JOUR 34: dimanche 11 octobre

Encore un dimanche. C'est le jour que j'aime le moins dans la semaine. Le jour où la vie se retire des rues, carapaçonnée dans l'intimité des foyers. Pour qui n'est pas titulaire d'une famille, dimanche peut aisément rimer avec moral qui flanche et tire ton mouchoir de ta manche.

C'est aussi le jour de la chasse, enfin, un des jours possibles de la semaine pour cette activité que de nombreuses personnes ne peuvent exercer que lors du repos dominical. Je n'aime pas la chasse et je confesse certains a priori sur les chasseurs. Je pense qu'il est effrayant d'être poursuivi par un autre être vivant, qui de surcroît veut vous priver à tout jamais du bonheur de respirer.

Je n'aime pas me promener dans les bois au son du canon.
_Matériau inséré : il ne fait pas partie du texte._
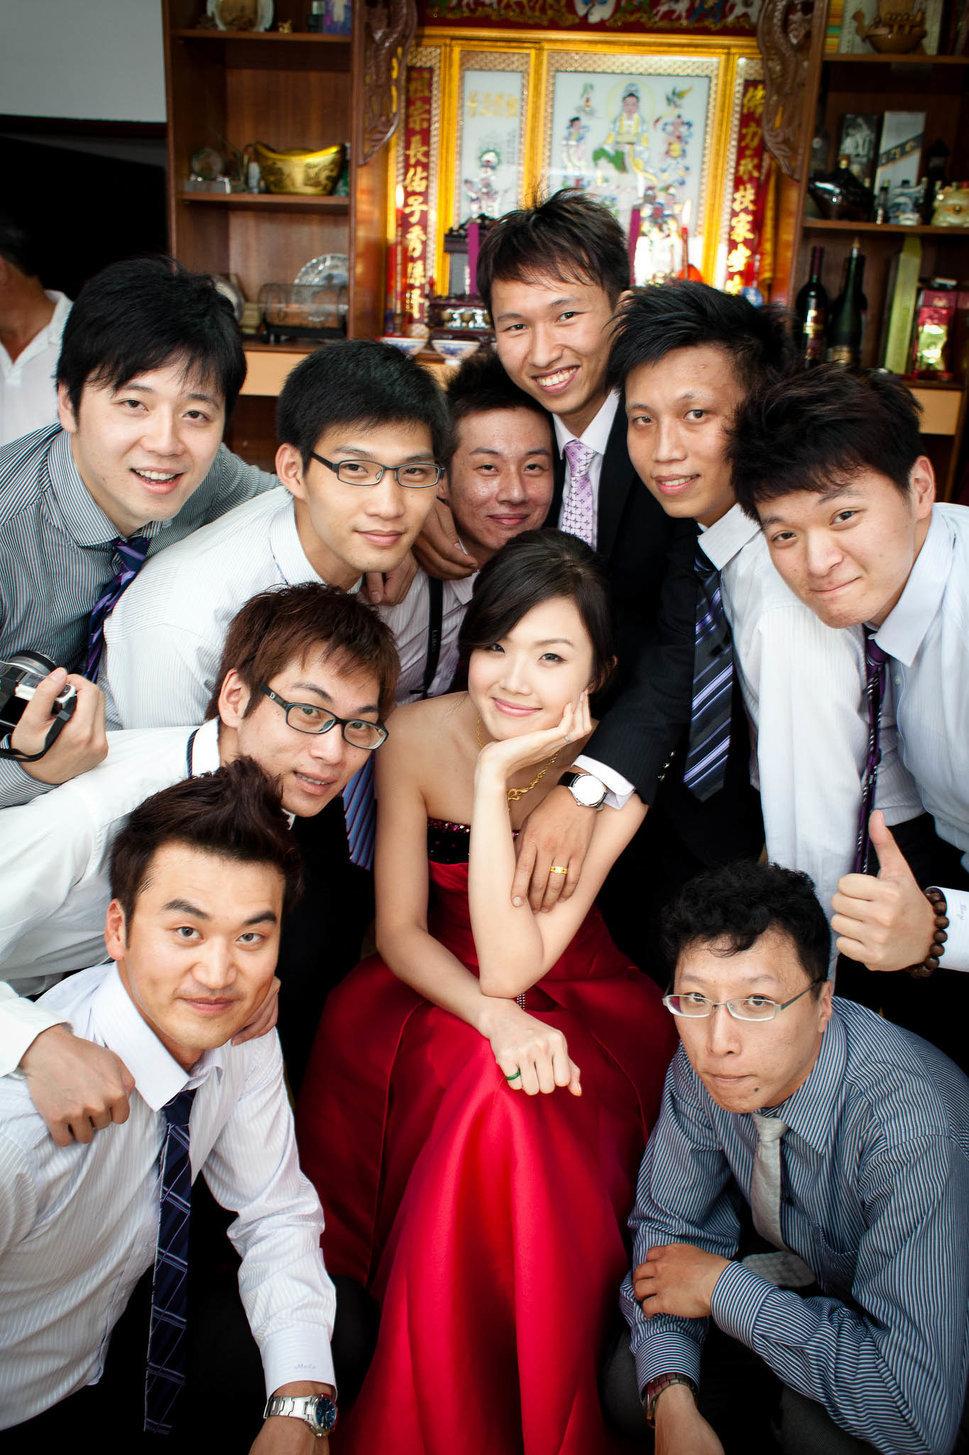 18PHOTO-敔帆❤️ 卿瑜(編號:242275) - 18PHOTO 婚紗影像攝影工作室 - 結婚吧一站式婚禮服務平台

J'ai peur des armes à feu et de leurs bouches terribles. J'ai peur des balles perdues, balles perdues, balles perdues...(*)

J'aime les biches, les faons, les faisans, les écureuils bondissants, les gros lièvres bruissants.

Dimanche dernier, alors que je marchais en lisière d'un bois sur un chemin bordé de châtaigners, j'ai été témoin d'une scène incroyable  : après un coup de feu tout proche, une biche a surgi des fourrés, puis bondi sur la route quelques mètres à peine derrière un groupe de gens qui, le cul en l'air, tout affairés à ramasser des châtaignes, n'ont absolument rien perçu de l 'événement. La biche a traversé ensuite un grand champ à découvert pendant une longue minute où j'ai retenu mon souffle, craignant qu'elle ne suspende le sien pour toujours.

Combien de grâces de biche avons-nous laissé filer, le nez dans nos godasses ? Aujourd'hui, il s'en est fallu d'un poil que je ne manque l'écureuil roux qui a zébré mon chemin. J'étais tout absorbée par la navigation sur mon portable, à défaut de trouver de visu des traces de balisage de GR.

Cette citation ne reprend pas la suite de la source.